For reference, the 2016/2020 record was 1.30°C (2.34°F) above the pre-industrial global average, according to Copernicus’ measurements.

Copernicus also noted that 2023 was “the first time on record that every day within a year has exceeded 1°C above the 1850-1900 pre-industrial level,” with nearly half of those days “more than 1.5°C warmer than the 1850-1900 level,” with “two days in November… for the first time, more than 2°C [3.6°F] warmer.”

Although the southern hemisphere is estimated to have seen 0.1°C (0.18°F) in cooling from the water blasted into the atmosphere by the January 2022 eruption of the Hunga Tonga–Hunga Haʻapai underwater volcano, 2023 bore witness to a steady parade of temperature records being broken via multiple heat wave events that occurred around the globe.

With a temperature boost from the onset of El Niño conditions in the equatorial Pacific, sea surface temperatures also saw record-high levels between April and December 2203, with marine heat waves being experienced around the globe, including events “in parts of the Mediterranean, Gulf of Mexico and the Caribbean, Indian Ocean and North Pacific, and much of the North Atlantic,” according to the Copernicus press release.

Additionally, the sea ice extent around Antarctica also saw record lows, with the ice’s summer retreat reaching its lowest point on record in February, reaching only 33 percent of its average extent for that time of year.

“The extremes we have observed over the last few months provide a dramatic testimony of how far we now are from the climate in which our civilisation developed,” remarked Carlo Buontempo, the Director of the Copernicus Climate Change Service. “This has profound consequences for the Paris Agreement and all human endeavours. If we want to successfully manage our climate risk portfolio, we need to urgently decarbonise our economy whilst using climate data and knowledge to prepare for the future.”

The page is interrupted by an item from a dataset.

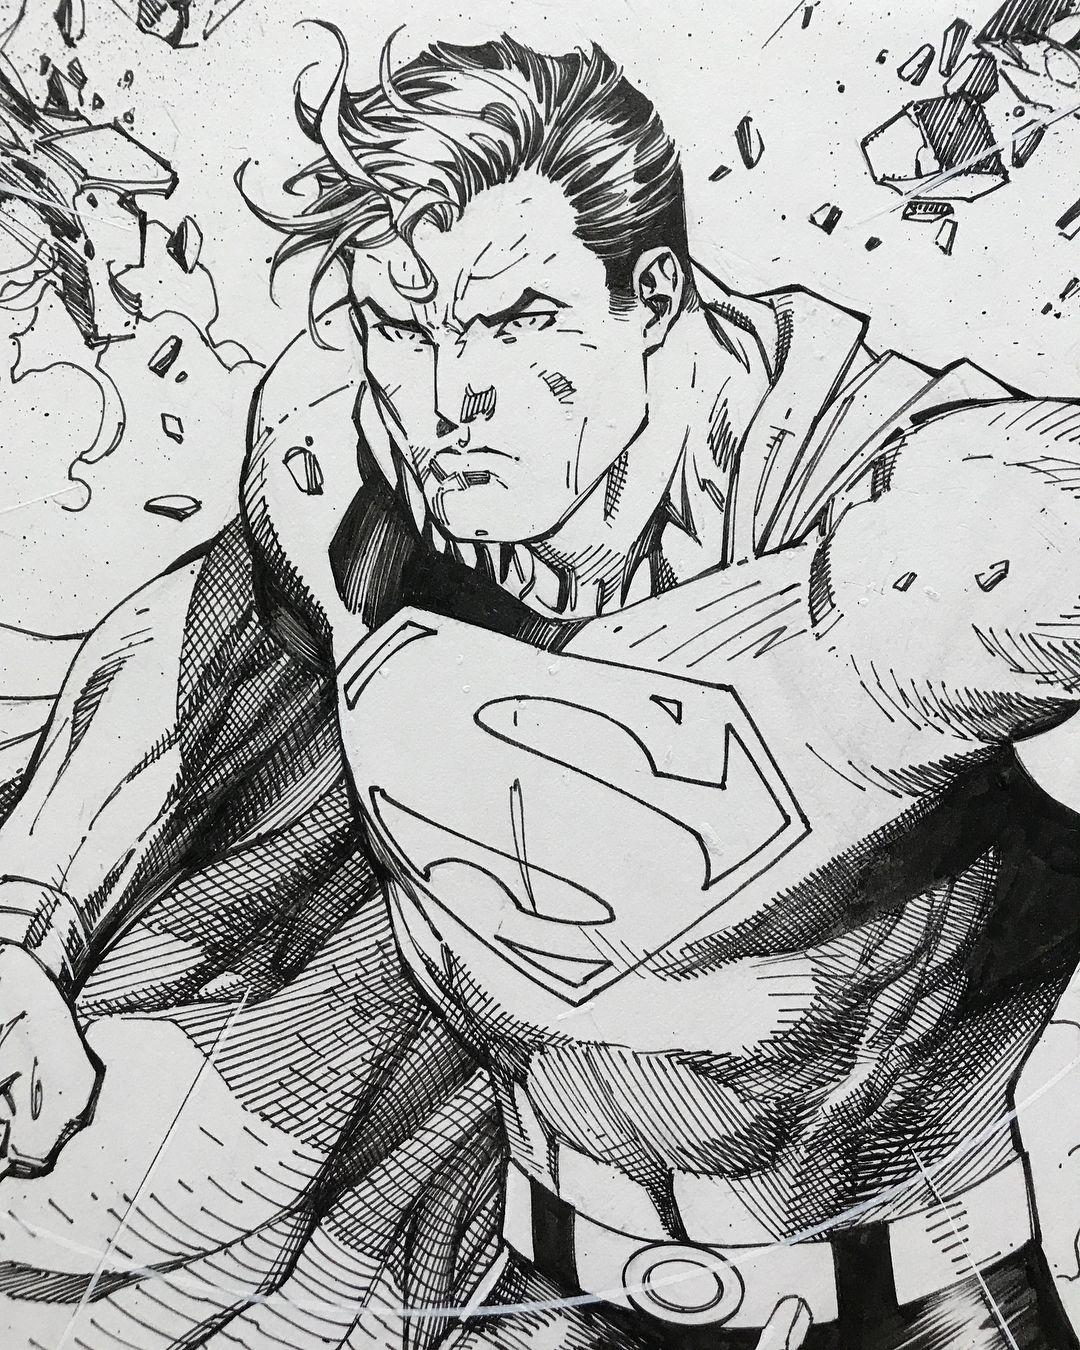 Sketch Justice League Sketch Superman Drawing – Superman digital wallpaper, batman v superman:

Last year’s temperature extremes were severe enough for all five of the aforementioned climate service organizations to predict in September 2023 that that year would be a global record-breaker; the following November renowned climatologist and climate activist Dr. James Hansen warned that the pace of global warming was accelerating, declaring that “the 1.5-degree limit is deader than a doornail,” and that the Paris Agreement’s long-term “two-degree limit can be rescued, only with the help of purposeful actions,” such as CO2 emission reductions and large-scale carbon capture efforts.

“Humanity’s actions are scorching the earth. 2023 was a mere preview of the catastrophic future that awaits if we don’t act now,” warned UN Secretary-General António Guterres in a WMO press release. “We must respond to record-breaking temperature rises with path-breaking action.”

“We can still avoid the worst of climate catastrophe,” Guterres continued. “But only if we act now with the ambition required to limit the rise in global temperature to 1.5 degrees Celsius and deliver climate justice.”